Action item ▸
A precise copy of the data is required, with every picture left out.

Data extract ▸
☆ ☆ ☆ ☆ ☆

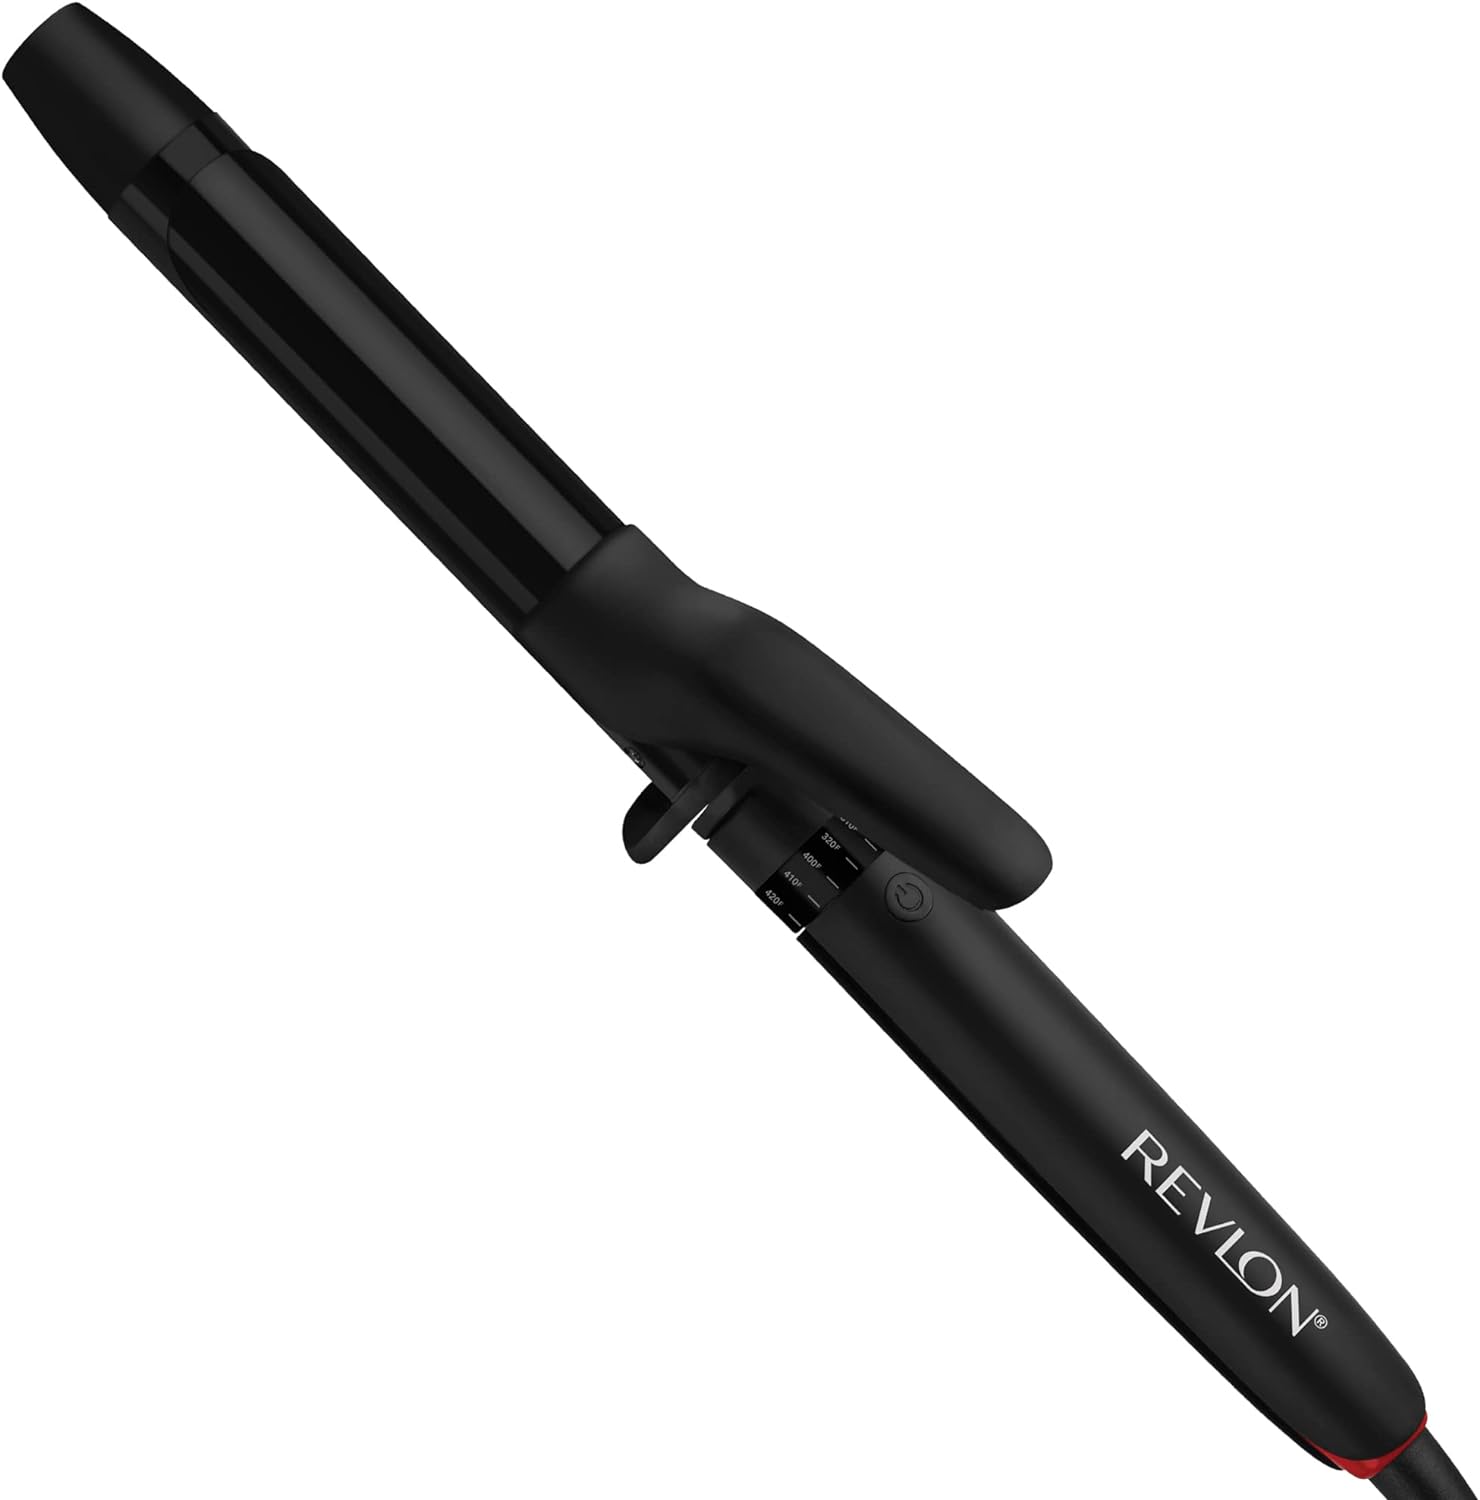 1" Revlon SmoothStay Coconut Oil-Infused Hair Curling Iron $9.47 + Free Shipping w/ Prime or on $35+
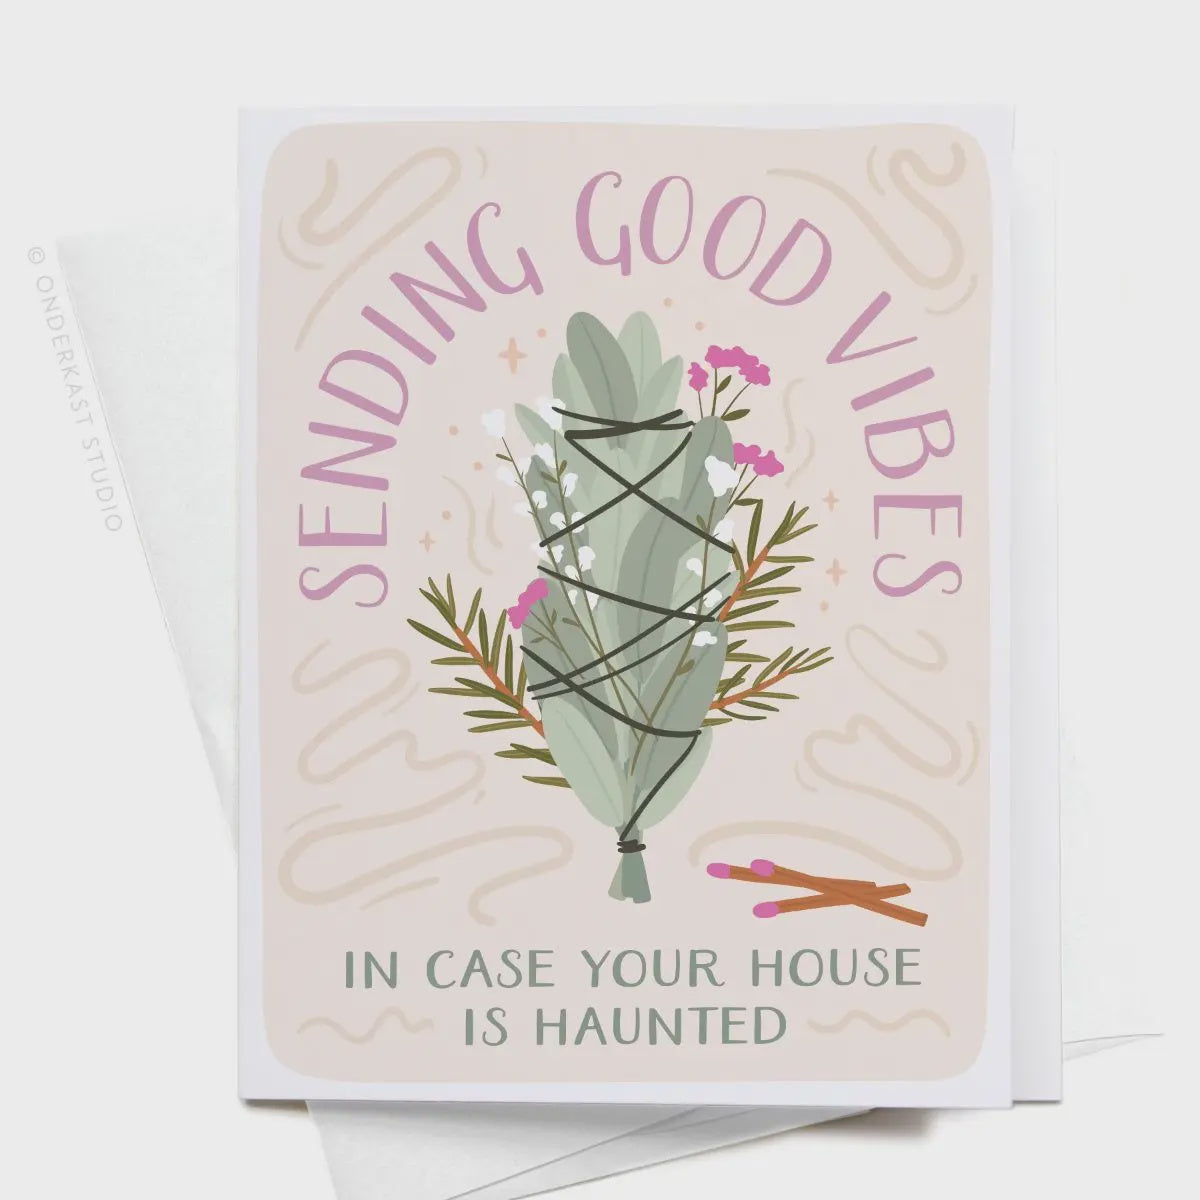 Sending Good Vibes In Case Your House Is Haunted
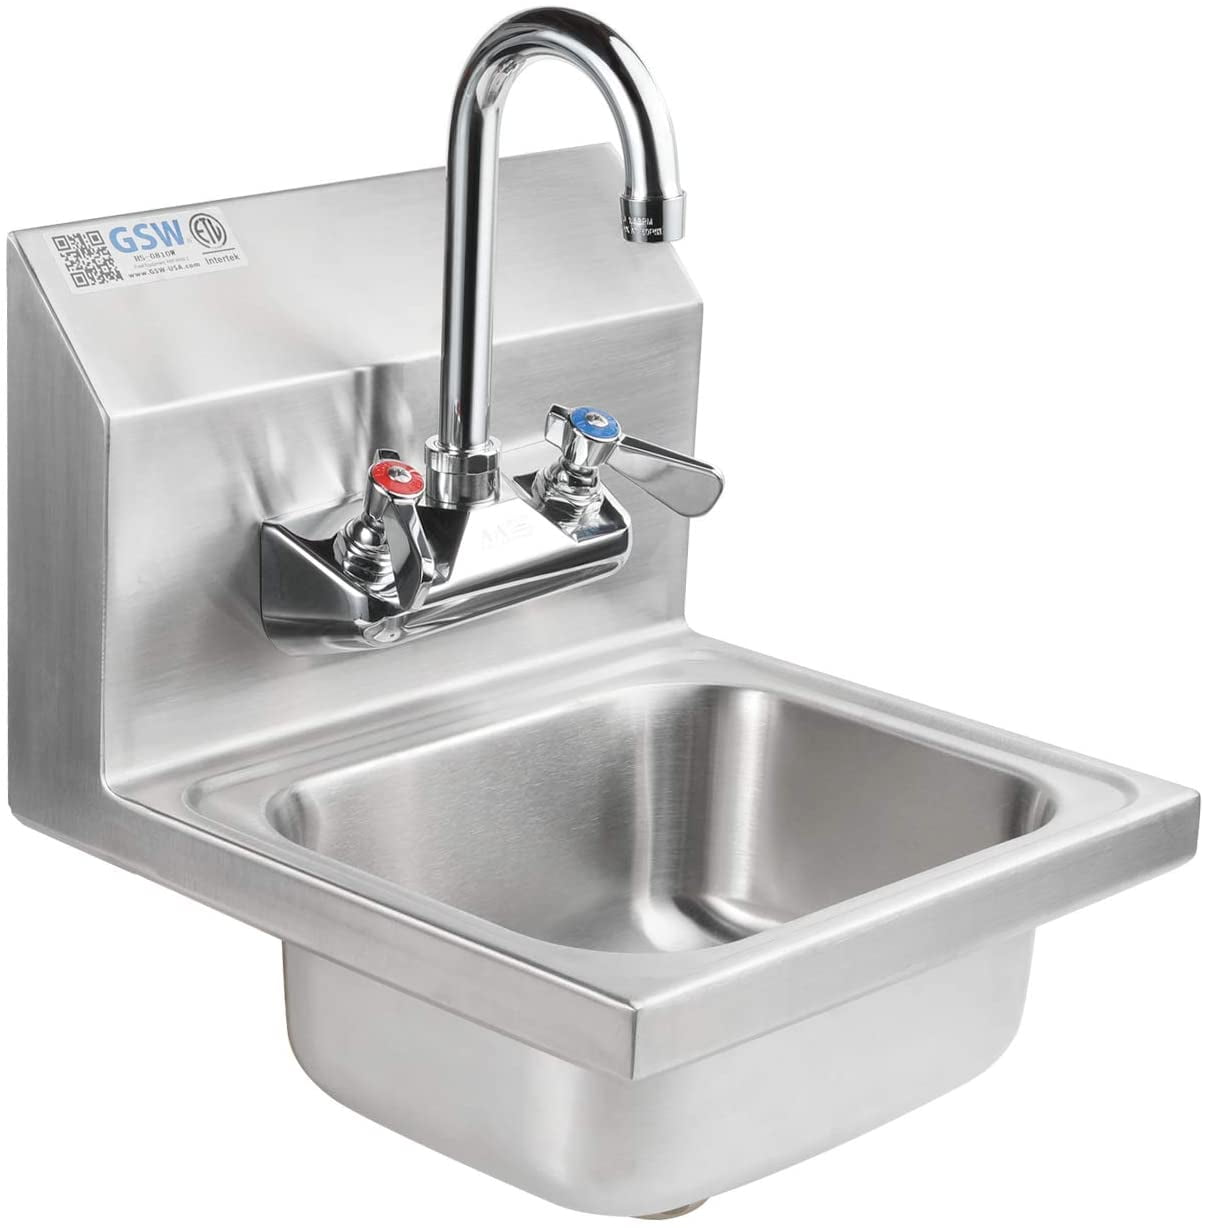 ACE HS0810WG Mini Stainless Steel Wall Mount Hand Sink with Wall Mount No Lead Faucet and

☆ ☆ ☆ ☆ ☆

Your solution ▸
 1" Revlon SmoothStay Coconut Oil-Infused Hair Curling Iron $9.47 + Free Shipping w/ Prime or on $35+
 Sending Good Vibes In Case Your House Is Haunted
 ACE HS0810WG Mini Stainless Steel Wall Mount Hand Sink with Wall Mount No Lead Faucet and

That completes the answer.